In agricultural society,
to have many children was a sign of wealth and fertility. They
were not more mouths to feed, but more arms to help in the harvest.
In the emerging industrial society, population growth was at first
favored, but when child labor laws began to forbid the employment
of children, and employers were required by law, contract and
custom to be concerned about the welfare of their workers, children
became liabilities rather than assets. More than that, the burden
of responsibility had to be shifted to the parents. It was their
own fault that they had all these children. They should have controlled
themselves. Therefore the rich had no obligation to help the poor.
Enforcing this code,
meant suppressing all normal forms of erotic expression. Many
non-industrial societies frowned upon masturbation by adults,
homosexuality and anal and oral intercourse because they tended
to inhibit population growth.
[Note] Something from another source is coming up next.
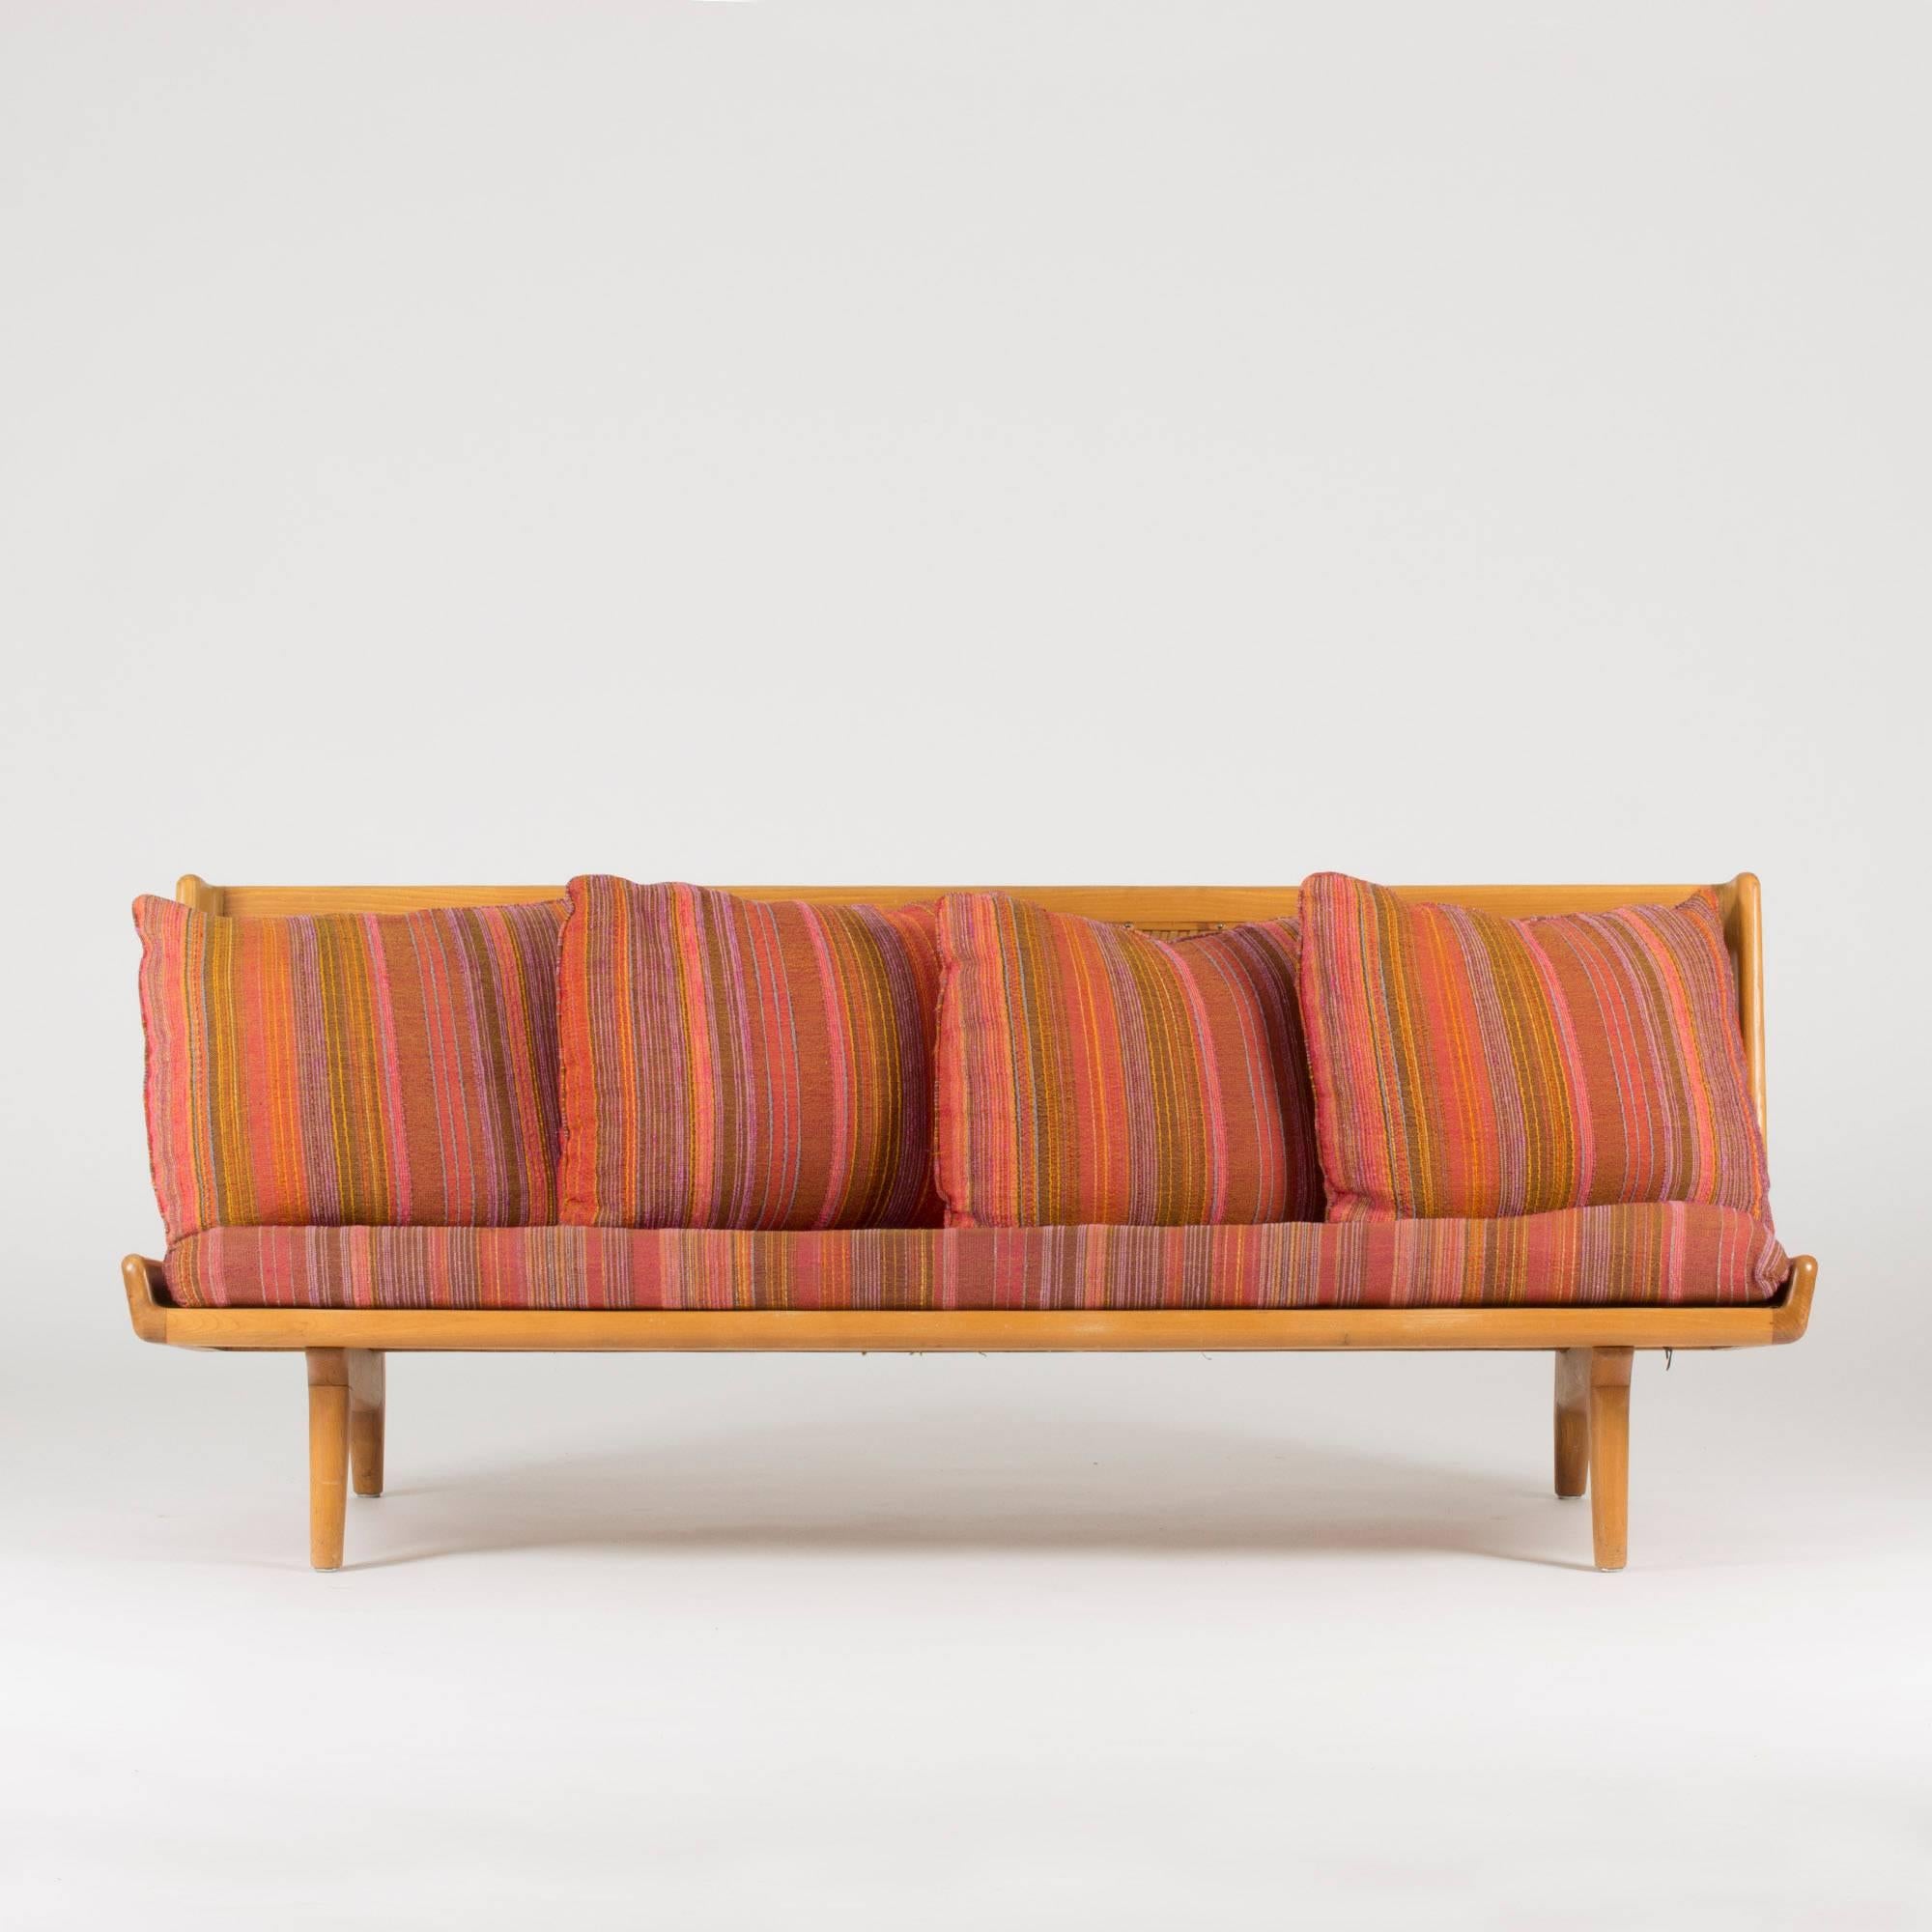 Sofa von Gustaf Hiort af Ornäs, hergestellt aus Buche mit skulpturalen Details. Die wunderbare Lederrückenlehne mit Gurtband macht dieses Sofa zu einem echten Schmuckstück im Raum. Kissen und Sitz mit schönem, originalem Wollstoff. Kleine

In industrial society, however,
these activities were forbidden because all energy was to be channeled
into productivity. All pleasures had to be earned and purchased.
The results have
been quite gruesome, but if you don't examine the social costs,
the outcome has been profitable beyond anyone's expectations at
the beginning.
Denying the breast
leads to oral fixations such as alcoholism, smoking and overeating.
Abusive toilet training is reflected in constipation, compulsive
neatness, miserliness. Keeping children in cribs and nurseries
increases anxiety. All these distortions increase consumption
as well as submissiveness to authority.
Almost all therapists
and emotional support group systems agree that forgiving your
parents is a crucial step in giving up neurotic patterns. This
becomes easier when you see them as ignorant and trusting victims
of social and economic forces beyond their ability to perceive
or comprehend. The Human Robot is a work in progress, not
a finished book, but even at its present stage of development
it is a document that may change your life for the better, as
Dr. Moloney and his books changed mine.